С большой печалью нам не совладать одним лишь усилием воли. Это состояние сродни стихии, и нам следует постичь его законы и подчиниться им, чтобы умерить печаль. Кузина Моника много говорила со мной об отце. Ей это давалось легко, ведь значительная часть ее самых ранних воспоминании была связана с ним.

Привычный ход мысли у понесших тяжелую утрату нарушен: пространство земного будущего лишено наших мертвых, и мы обращены исключительно к прошлому. Летящий вперед взгляд не находит их, в ответ на любое намерение, любую фантазию или надежду разверзается безмолвная пустота. Но в прошлом они остались, наши близкие остались какими и были. И позвольте мне дать совет тем, кто станет утешать понесших утрату: говорите с ними, сколько это возможно, о прошлом, в котором мертвые еще были живы. Опечаленные утратой охотно предадутся своим воспоминаниям и не менее охотно будут слушать чужие — иногда приятные или даже комичные. Я знаю об этом по собственному опыту. Чудовищная и резкая внезапность беды чуть сглаживается, бренные останки своей бездвижностью уже не так поражают взгляд, а вслед за ним — разум, и появляется способность устоять перед почти гипнотическими иллюзиями, которые могут свести с ума.
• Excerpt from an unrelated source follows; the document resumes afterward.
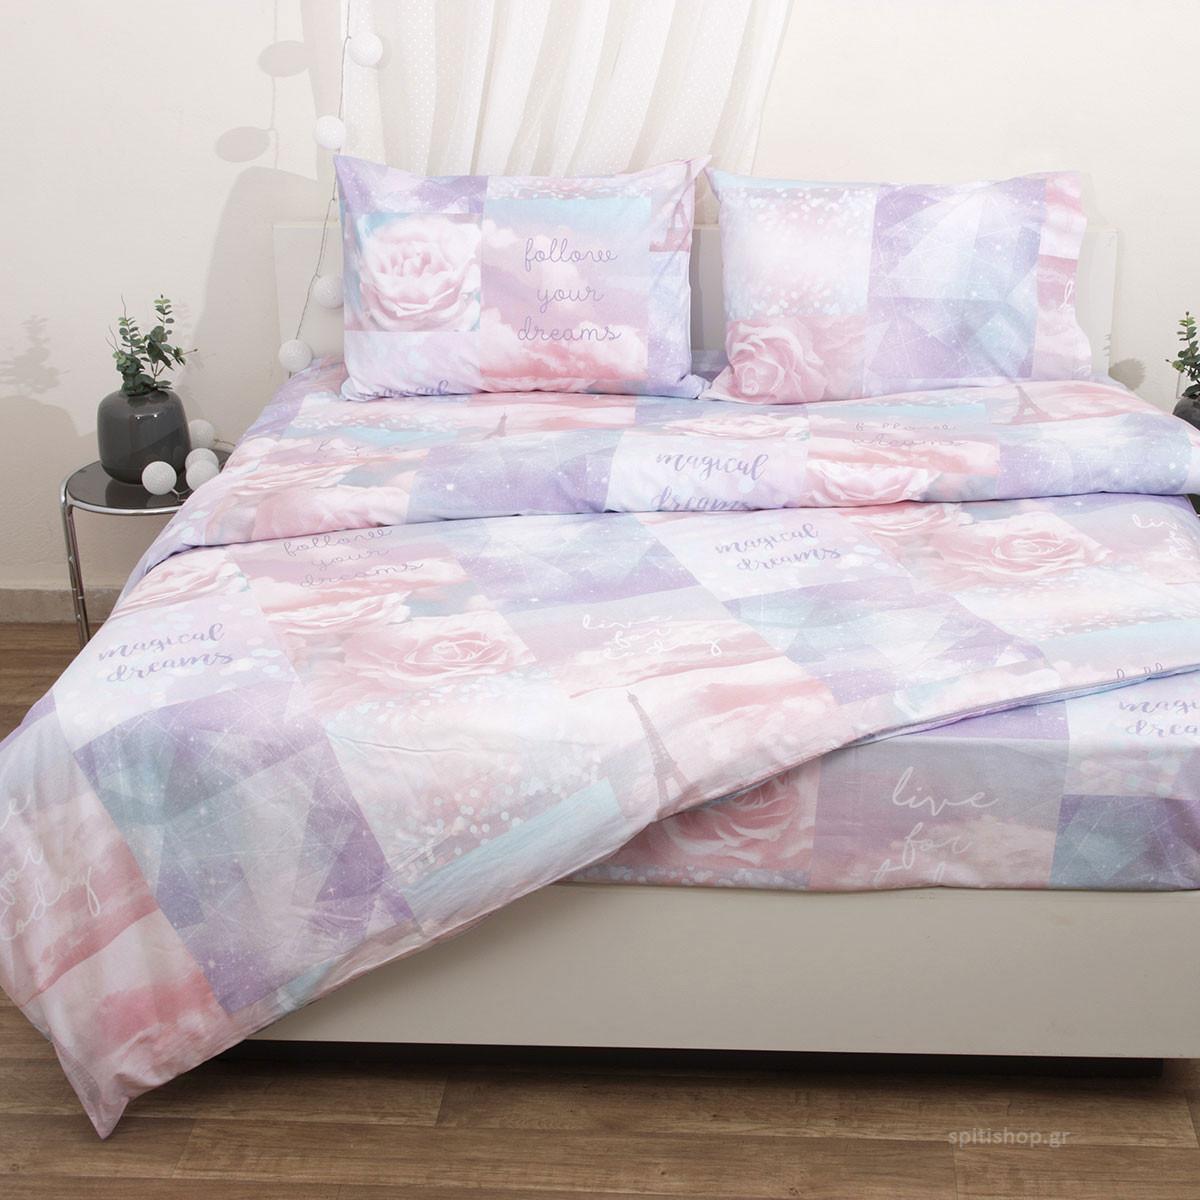 Κουβερλί Ημίδιπλο (Σετ) Viopros Fresh Ντριμ home   κρεβατοκάμαρα   κουβερλί   κουβερλί ημίδιπλα   διπλά

Кузина Моника несомненно, замечательно ободряла меня. Я проникаюсь к ней все большей любовью, думая о выпавших ей хлопотах, о ее внимании и доброте ко мне.

Я не забыла про ключ, в отношении которого мой дорогой папа проявлял особое беспокойство. Ключ был извлечен у него из кармана, где он всегда держал его — о чем просил меня помнить, — и только во время сна перекладывал под подушку.

— Так, значит, моя дорогая, ту ужасную женщину фактически застали, когда она отмыкала замок папиного стола. Я удивлена, что папа не наказал ее, это же кража со взломом.

— Леди Ноуллз, она покинула наш дом, она больше не тревожит меня. Я хочу сказать, мне ее бояться нечего.

— Да, моя дорогая. Впрочем, вы должны называть меня Моникой — хорошо? Я ваша кузина, зовите меня Моникой, иначе я обижусь. Да, конечно же вам ее бояться нечего. Она уехала. Но я человек в годах и не столь мягкосердечна, как вы. Я признаюсь: я была бы очень рада услышать, что эту злую старую ведьму заключили в тюрьму или сослали на каторгу, — правду вам говорю. А что, по-вашему, она искала? Что намеревалась выкрасть? У меня есть догадка. А вы как думаете?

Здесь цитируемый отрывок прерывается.